Village and civil parish in Somerset, England

Chillington is a village and parish in Somerset, England, situated 3 mi west of Crewkerne and 5 mi east of Chard. The parish has a population of 164.

==History==

The name comes from Ceola's settlement. The parish of Chillington was part of the South Petherton Hundred. The manor passed in the mid 18th century to the Notley family who built the old manor house.

Higher Chillington was built in the 18th century around common land around Chillington Common.

==Governance==

The parish council has responsibility for local issues, including setting an annual precept (local rate) to cover the council's operating costs and producing annual accounts for public scrutiny. The parish council evaluates local planning applications and works with the local police, district council officers, and neighbourhood watch groups on matters of crime, security, and traffic.

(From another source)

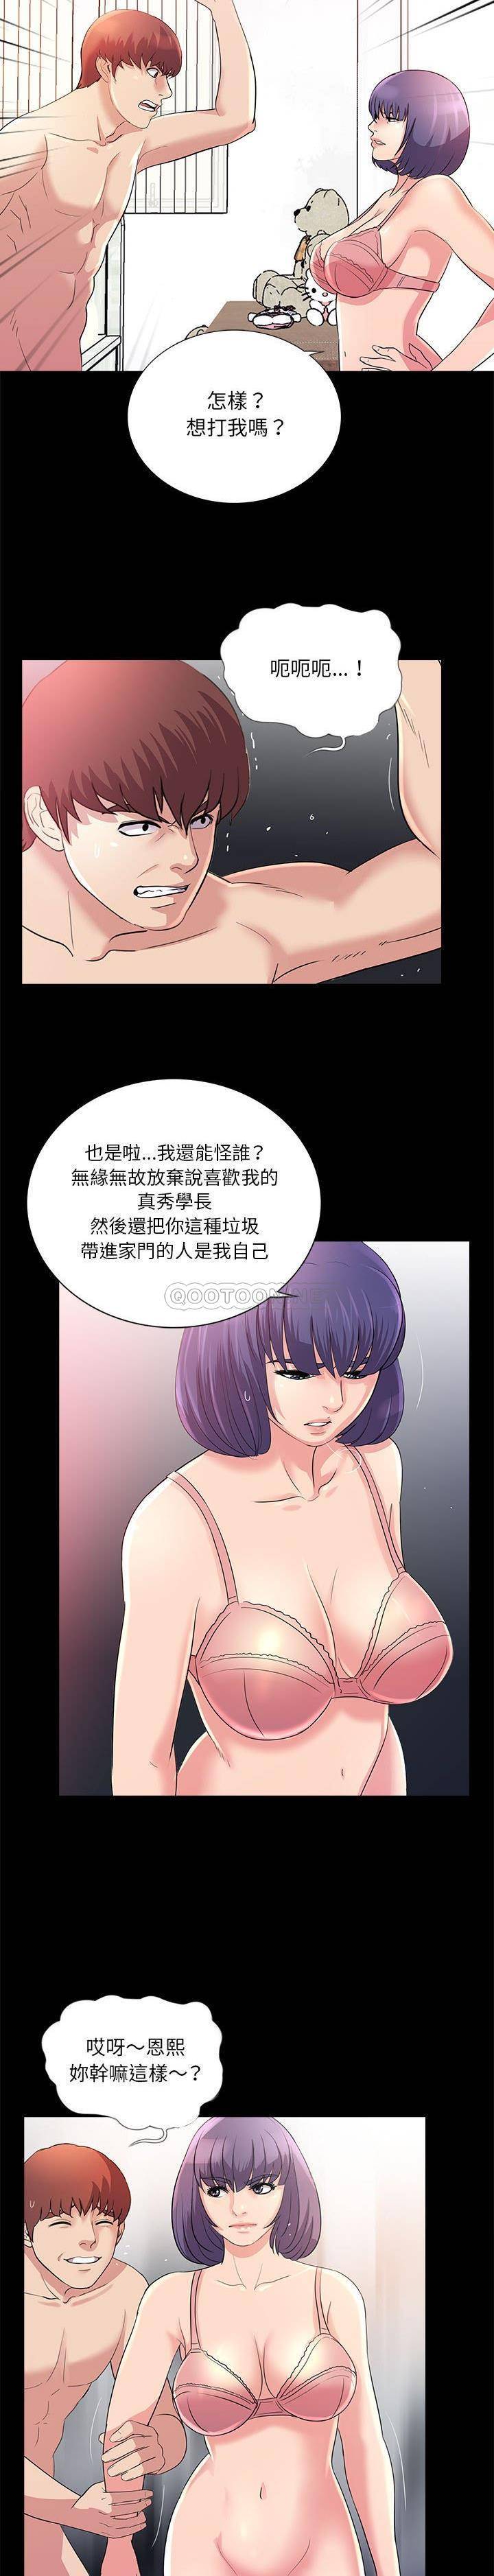 韩国污漫画 神秘復學生 第22话 20

The parish council's role also includes initiating projects for the maintenance and repair of parish facilities, as well as consulting with the district council on the maintenance, repair, and improvement of highways, drainage, footpaths, public transport, and street cleaning. Conservation matters (including trees and listed buildings) and environmental issues are also the responsibility of the council.

For local government purposes, since 1 April 2023, the parish comes under the unitary authority of Somerset Council. Prior to this, it was part of the non-metropolitan district of South Somerset (established under the Local Government Act 1972). It was part of Chard Rural District before 1974.

It is also part of the Yeovil county constituency represented in the House of Commons of the Parliament of the United Kingdom. It elects one Member of Parliament (MP) by the first past the post system of election.

==Religious sites==

The older part of the village was Lower Chillington which was built around the Church of St James. The church has 13th-century origins, with modifications taking place in the early 14th and in the 15th centuries. It was restored in 1842 and 1909. The two bells were made by Thomas Bilbie of the Bilbie family.